### TASK STATEMENT
Reproduce, word for word, the lines in the material below starting with the one that has "Charlie Brown Thanksgiving Wallpaper" and going on through the one that has "CREWCUTS BY J.CREW". Leave out all pictures.

### DATA RECORDS
= = = = = = =
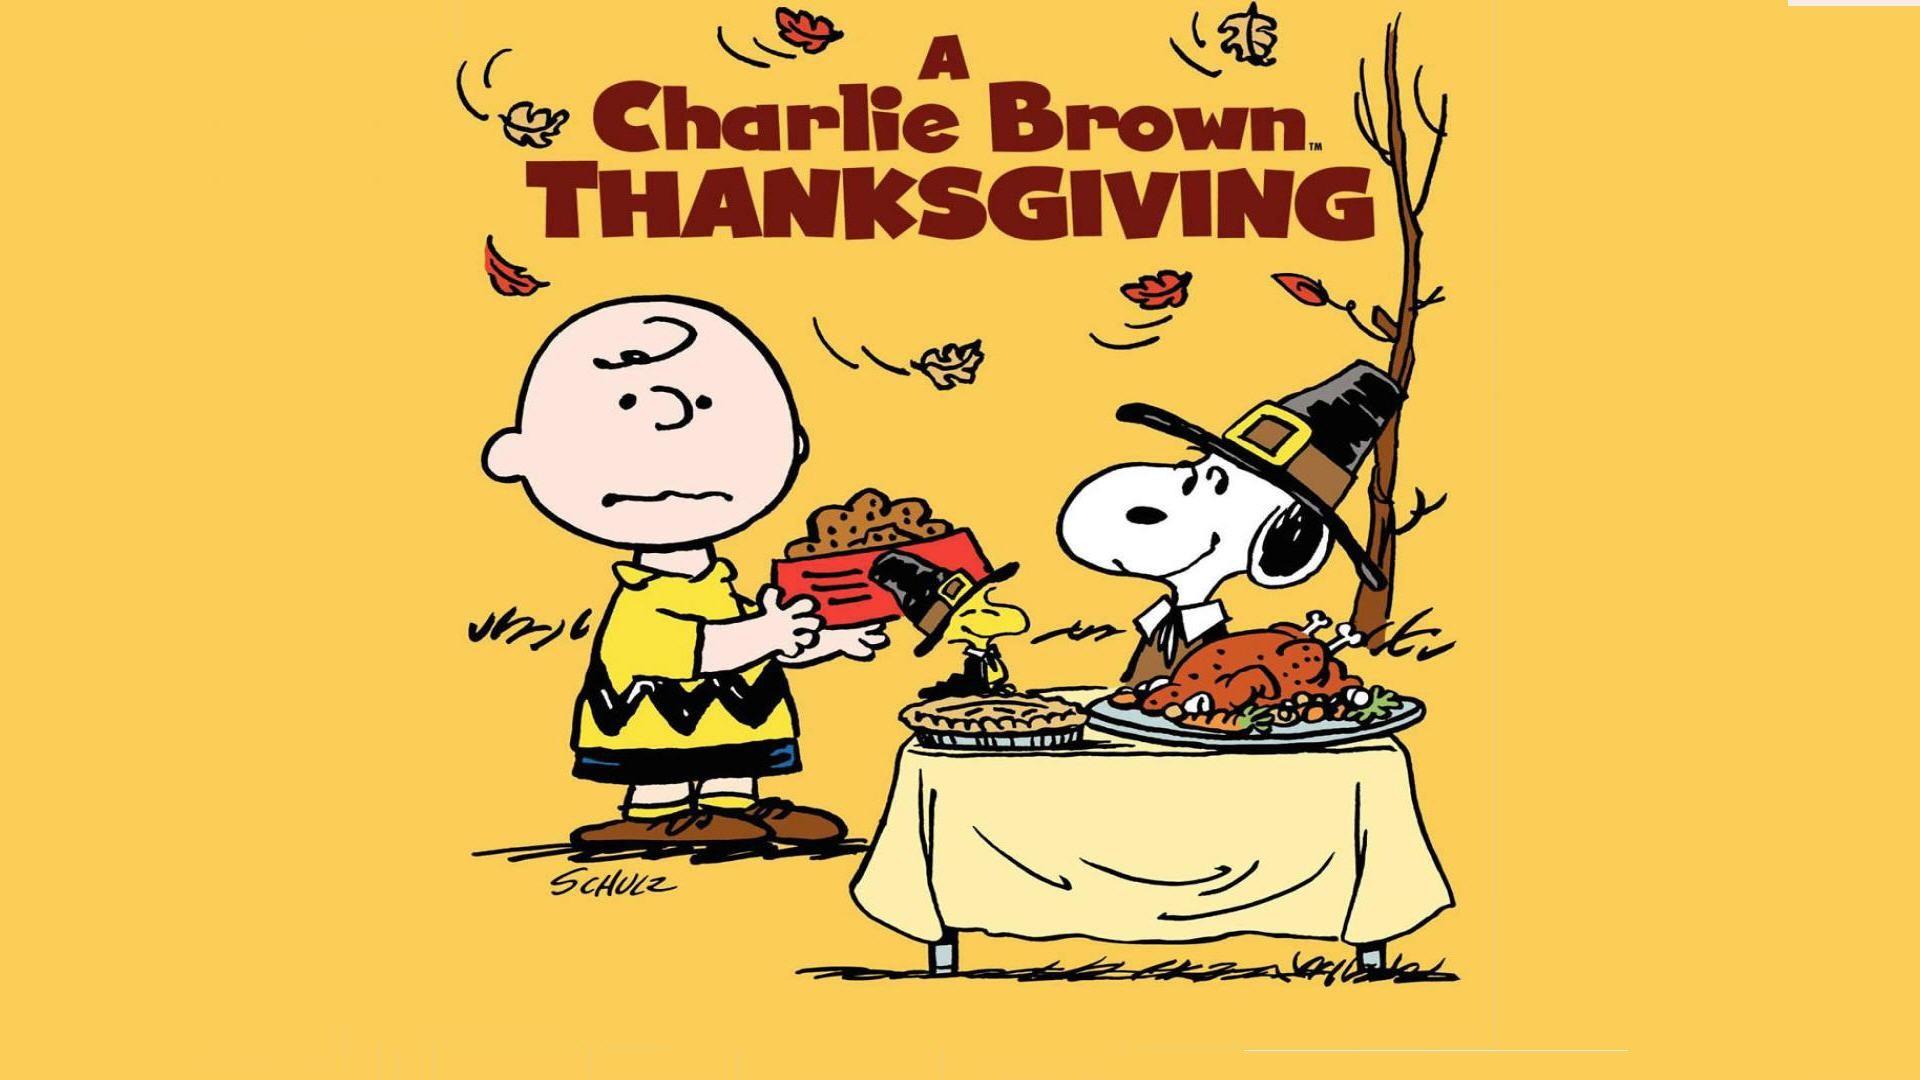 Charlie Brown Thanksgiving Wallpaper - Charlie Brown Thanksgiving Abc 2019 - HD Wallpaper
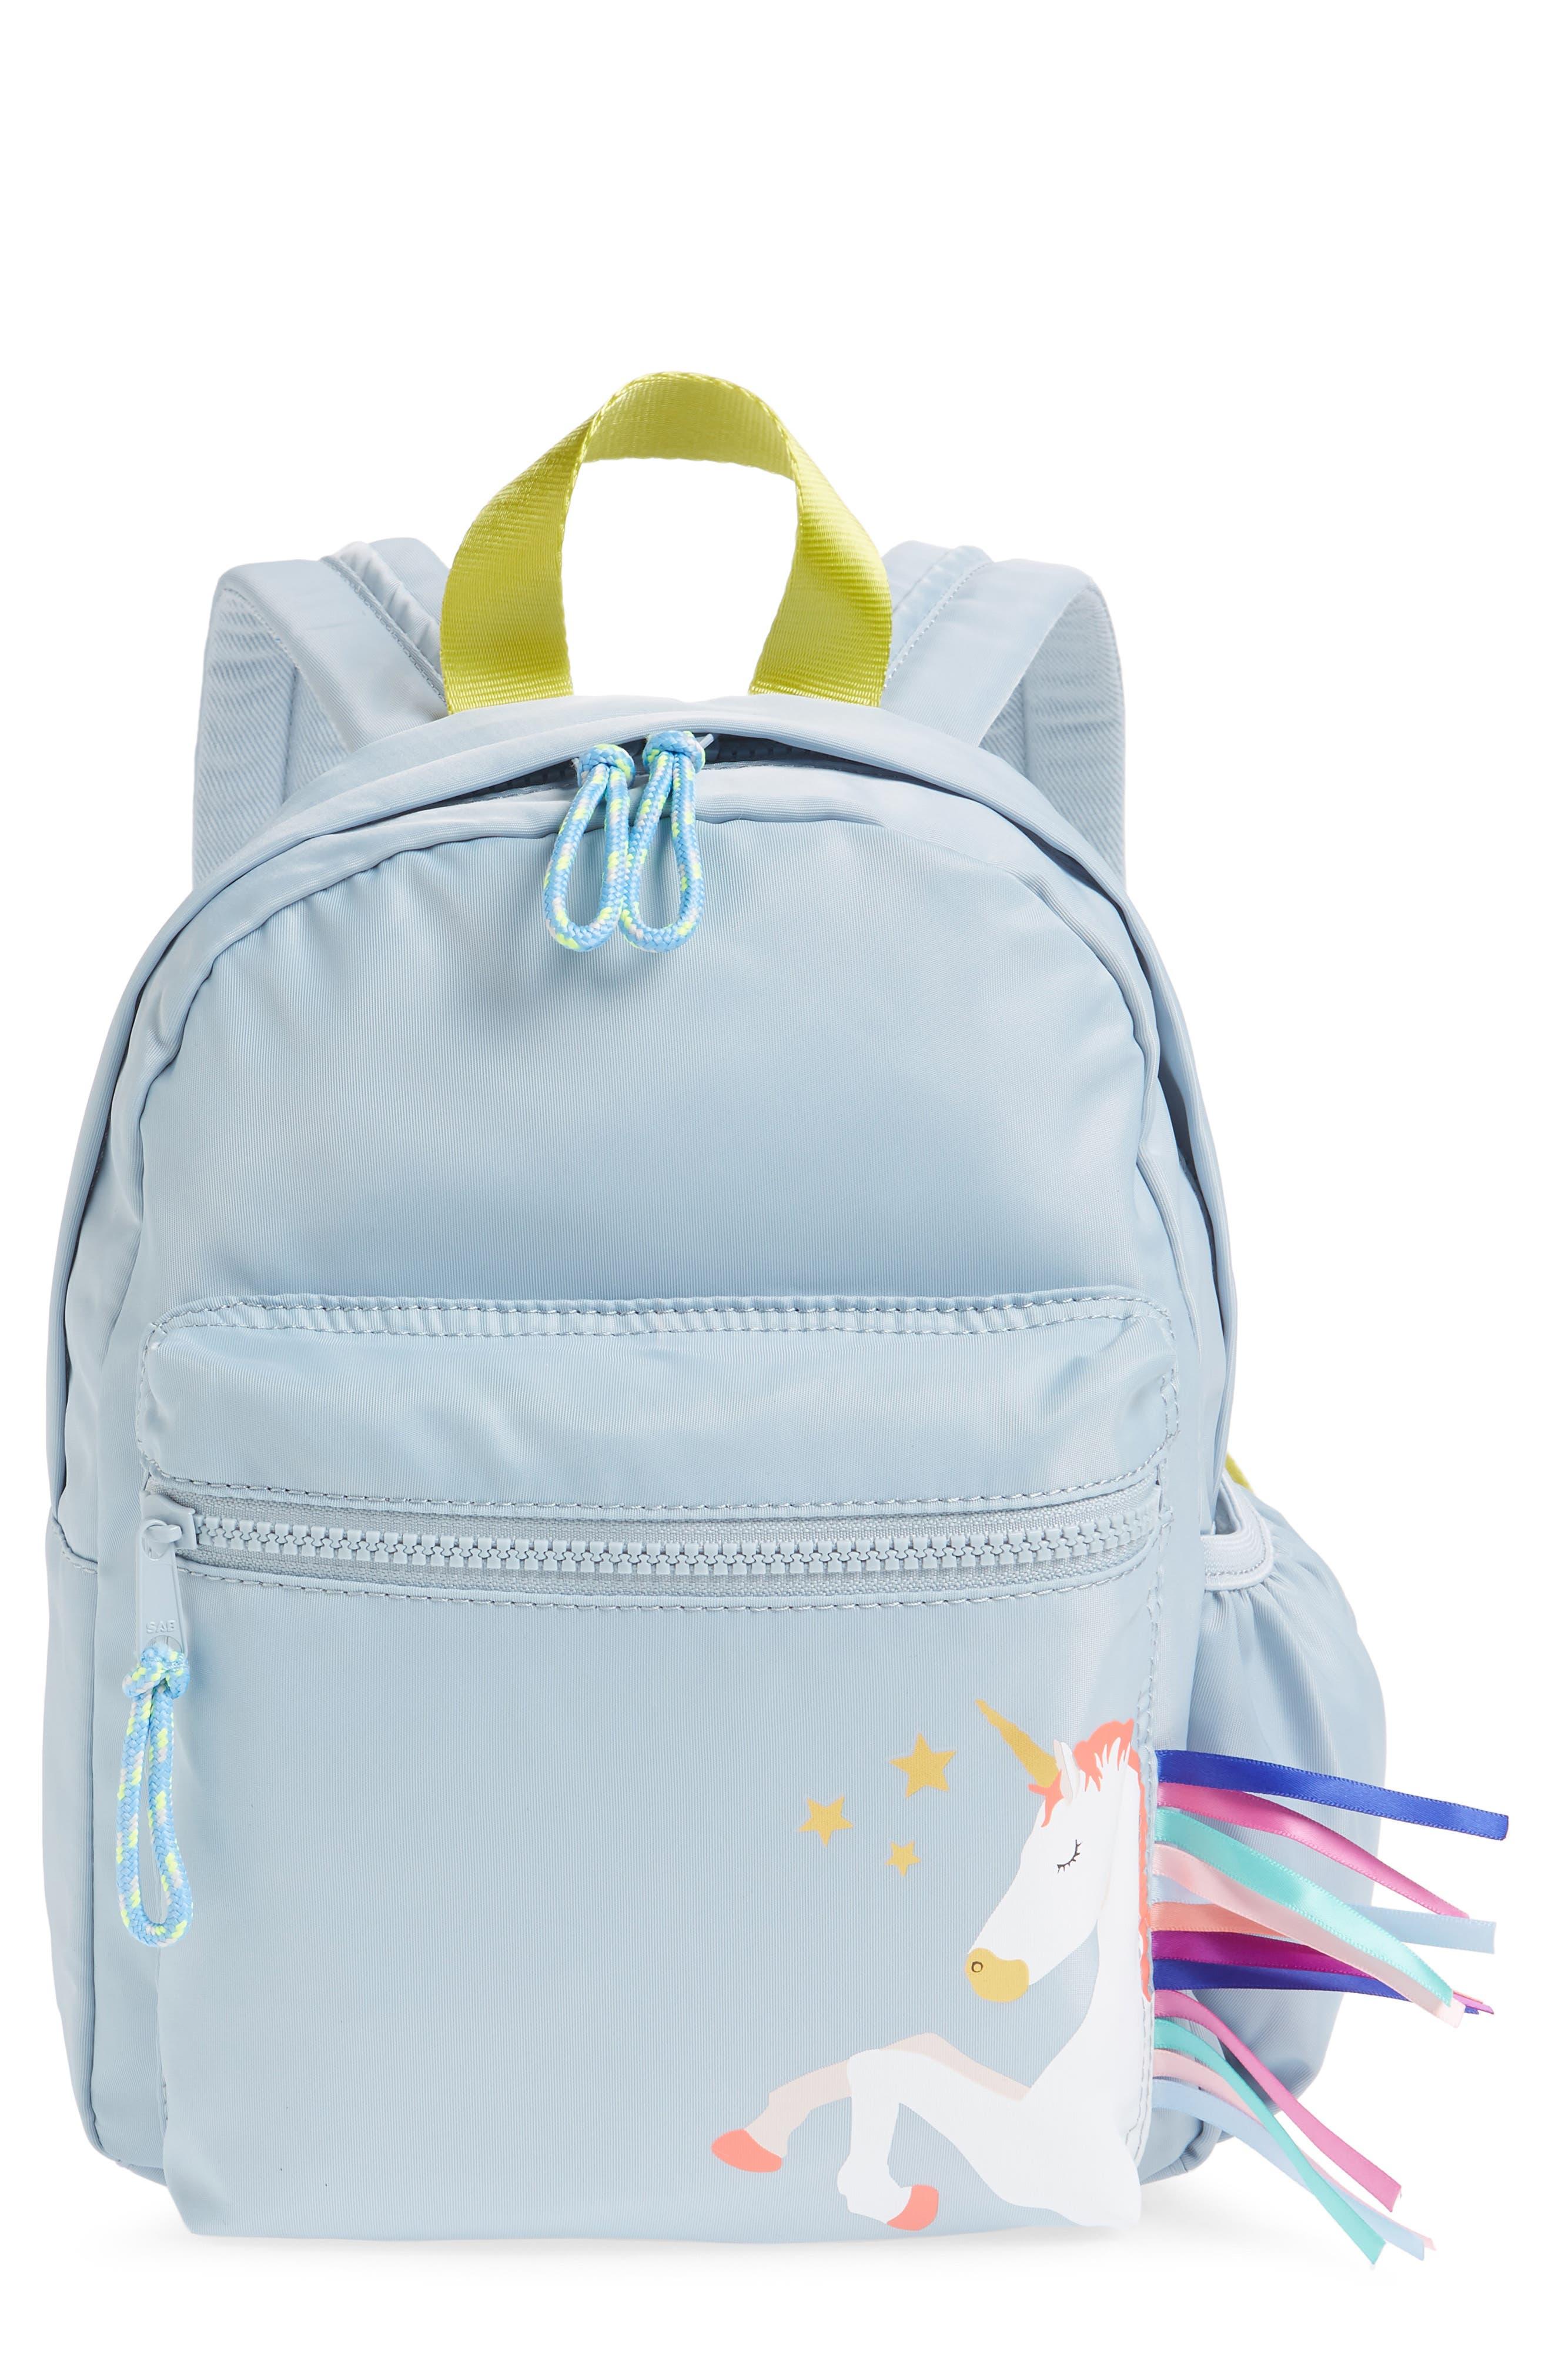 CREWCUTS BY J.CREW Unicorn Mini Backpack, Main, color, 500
= = = = = = =
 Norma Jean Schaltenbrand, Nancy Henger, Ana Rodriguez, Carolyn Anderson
= = = = = = =
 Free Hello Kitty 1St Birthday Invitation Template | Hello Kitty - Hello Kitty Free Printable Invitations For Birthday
= = = = = = =
### ANSWER BELOW
 Charlie Brown Thanksgiving Wallpaper - Charlie Brown Thanksgiving Abc 2019 - HD Wallpaper
 CREWCUTS BY J.CREW Unicorn Mini Backpack, Main, color, 500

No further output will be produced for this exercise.